Je serai moins pessimiste sur les essais cliniques : les choses évoluent plutôt favorablement, d'abord du côté de l'agence nationale de la sécurité du médicament et des produits de santé (ANSM) pour les phases précoces. Il est en effet important que les phases précoces se réalisent en France car le choix du pays est clé pour le développement. On peut se réjouir que les choses aient progressé à l'ANSM en termes de délais et d'instruction, avec la mise à disposition d'équivalents temps plein pour l'examen des essais de phase précoce.
Le premier point d'amélioration concerne les comités de protection des personnes (CPP). Une réforme porte sur leur tirage au sort. Quand on dépose une demande d'essai clinique, l'ANSM en juge la recevabilité en examinant la sécurité du produit et le CPP examine la méthodologie et les questions éthiques. Le tirage au sort des CPP conduisait à ce qu'une demande d'essai en neurologie peut être adressée à un CPP plutôt spécialisé sur la dermatologie.
Un autre point de faiblesse est le résultat de certains scandales sanitaires : la question des conflits d'intérêts dans l'expertise. La grande crainte est que ceux qui ont travaillé avec l'industrie soient en situation de conflits d'intérêts et ne puissent participer à l'expertise. Souvent l'industrie fait appel aux gens les plus compétents, si bien qu'on peut se retrouver avec des personnes qui ne sont pas forcément les plus compétentes sur les domaines ciblés par les essais. En outre, une autre difficulté réside dans le fait que c'est au CPP de s'estimer compétent ou non. Il est toujours difficile pour un être humain de se juger non compétent dans tel ou tel domaine. On espère que les choses évolueront pour que le tirage au sort tienne compte des compétences des personnes qui sont dans ces CPP. N'oublions pas que les CPP reposent sur des bénévoles qui bien souvent sont des hospitaliers avec une charge de travail importante.

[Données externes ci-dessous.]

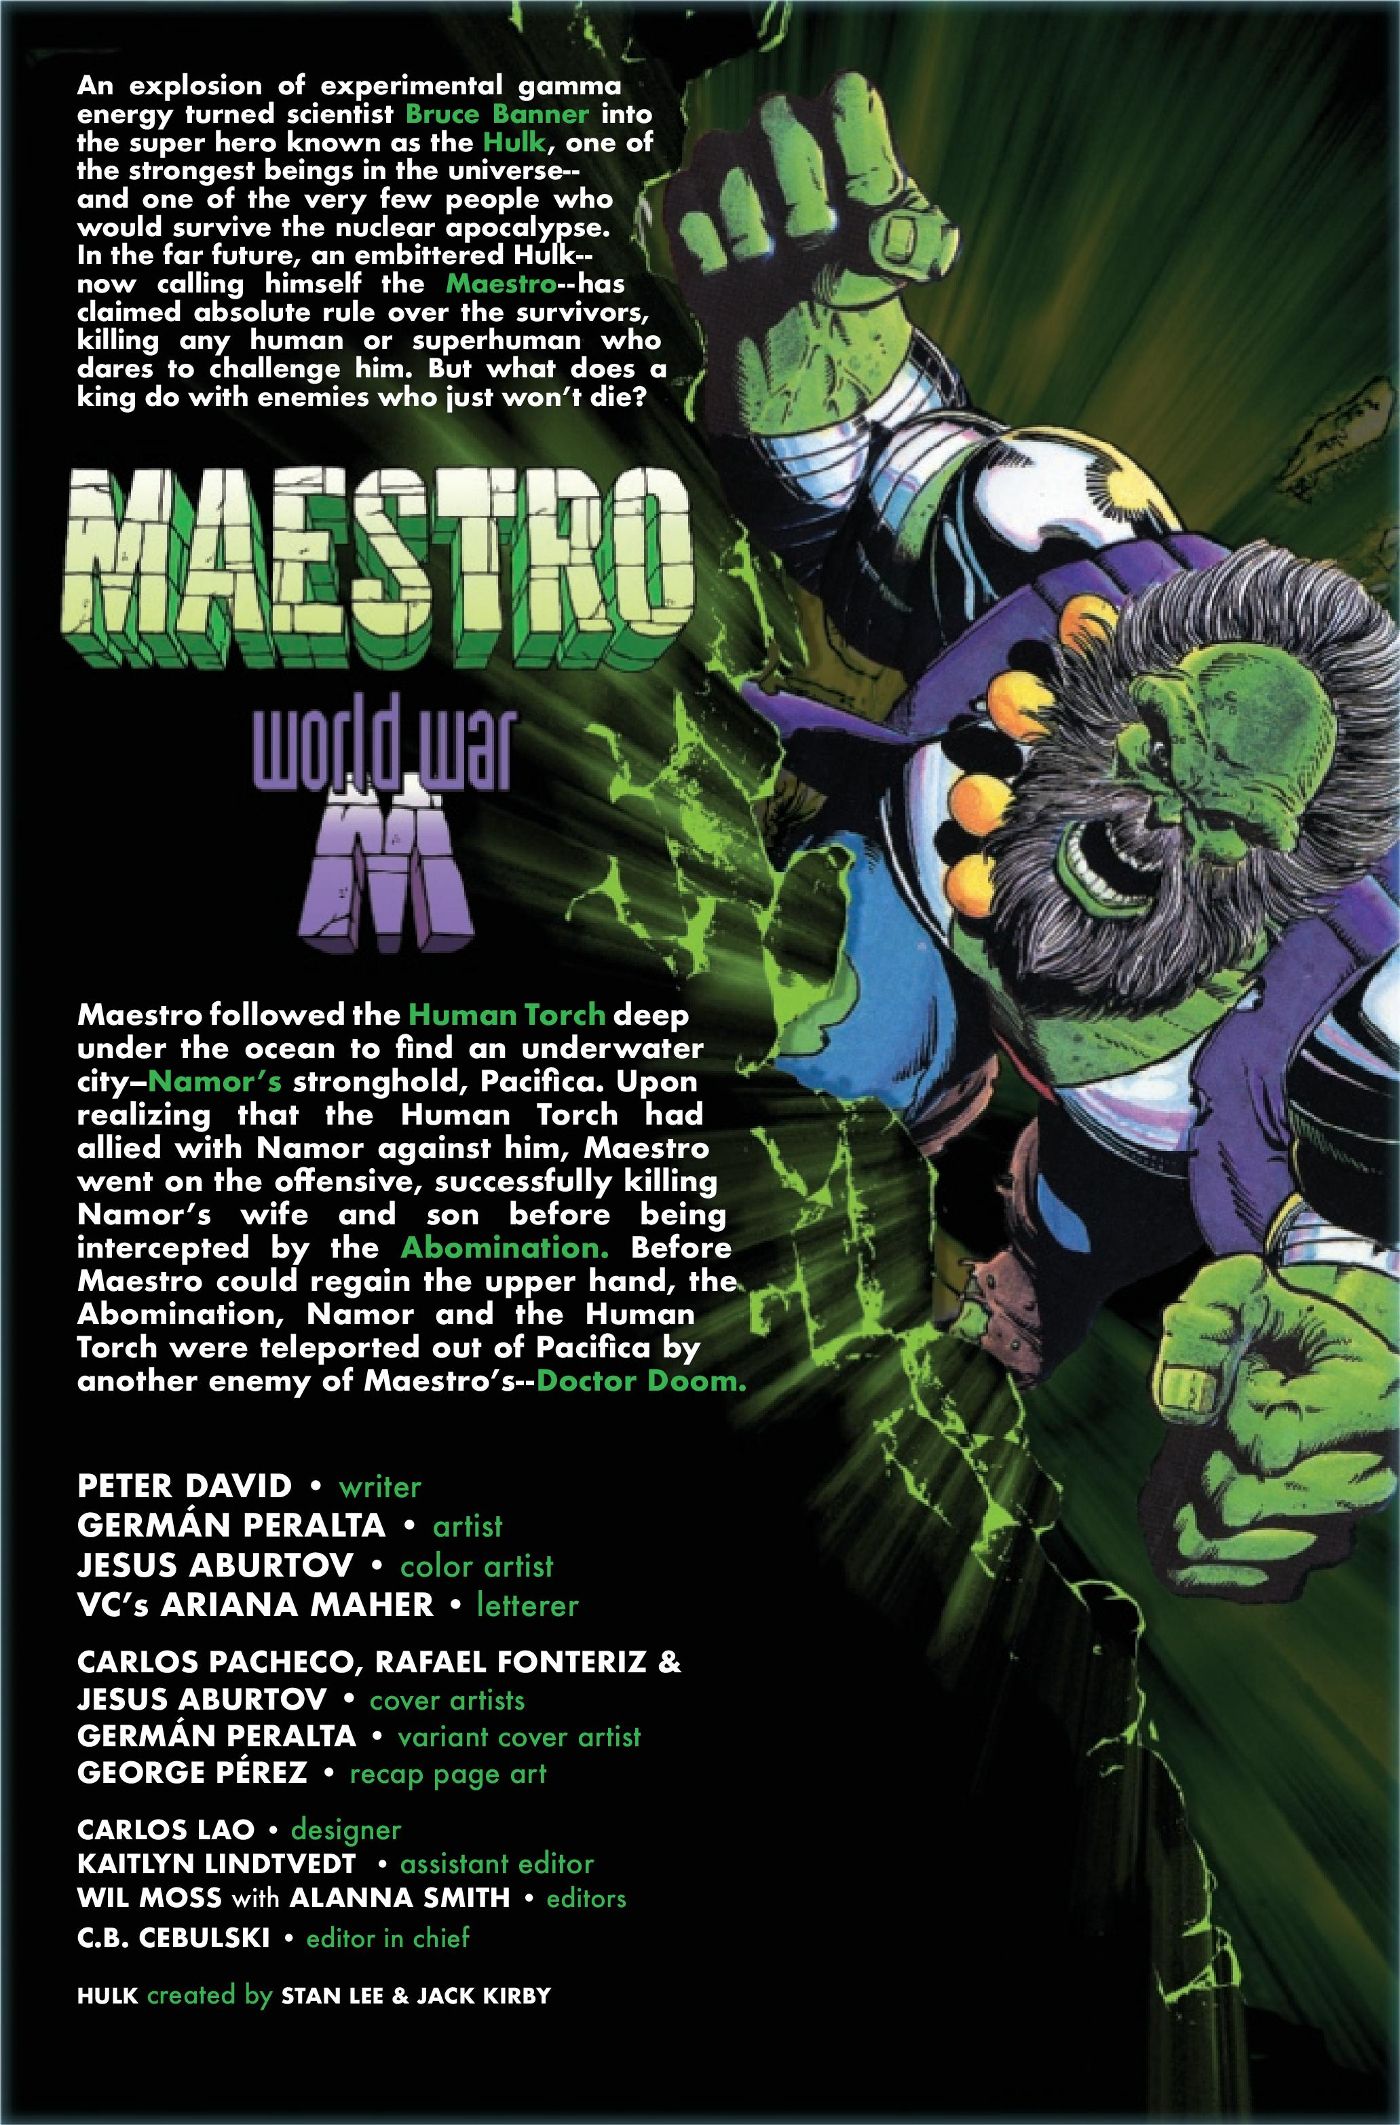 Maestro World War M 3 credits page

Ces éléments peuvent constituer un frein, d'abord en termes de délais dans un environnement international compétitif. Interrogés sur la réalisation d'essais de phase 2 internationaux, nos adhérents estiment que l'inclusion du premier patient français est sans doute la plus tardive par rapport à d'autres pays.
Quand on contractualise avec les centres hospitaliers, on doit établir un contrat unique valable pour tout le monde. Reste un point de faiblesse : dans l'annexe financière qui résulte d'une phase de négociation, parfois avec une dizaine de centres en France, peut prendre des délais importants. Les industriels ne sont pas fermés à la possibilité de revaloriser ce contrat unique si, en contrepartie, cela permet de réduire les délais.
Sur le financement, la mobilisation de l'épargne française est un peu l'arlésienne. Le développement d'un médicament peut nécessiter entre dix à douze ans à partir de l'identification de sa cible, et entre un et 1,5 milliard d'euros, chiffre qui tient compte de l'attrition due au taux de succès. C'est un domaine particulier pour les investisseurs. Nos sociétés sont bâties sur des jalons de création de valeur, comme la démonstration d'apport pour le patient ou encore de sécurité, et non sur des métriques financières classiques, de revenus, de chiffre d'affaires... Il faut donc acculturer les investisseurs à cette industrie.
Vous avez sans doute entendu parler du dispositif développé par Philippe Tibi, professeur d'économie de l'école poytechnique qui a écrit un essai sur le financement de la 4e révolution industrielle de la France, en passant par les technologies. En France, on a bien identifié l'enjeu des phases précoces d'amorçage qui sont désormais plutôt bien dotées. Le défi est désormais centré sur les phases de « scale up » : il manque les financements pour soutenir les étapes plus tardives de passage à la phase industrielle, notamment les phases 2b et 3 et de pré-enregistrement. Pour ces phases, des montants de plusieurs centaines de millions d'euros sont à sécuriser.
Philippe Tibi a mis en place, face à 22 assurantiels et parapublics, 33 fonds opérant dans le domaine des biotechnologies, dont neuf interviennent dans le domaine de la santé. Ces investisseurs assurantiels se sont engagés à mettre plus de six milliards dans le domaine de la technologie. Certains ont mobilisé entre 400 et 450 millions d'euros, comme le fonds Jeito, dirigée par Rafaèle Tordjman, avec une capacité d'investissement d'une cinquantaine de millions d'euros par entreprise. Avec une telle dynamique, vous attirerez d'autres investisseurs internationaux. D'une façon générale, par rapport à d'autres domaines technologiques, les investisseurs généralistes assurantiels ont plus de mal à s'engager dans la santé car il y a besoin de cette acculturation et de mieux comprendre ce que sont les caractéristiques de notre secteur.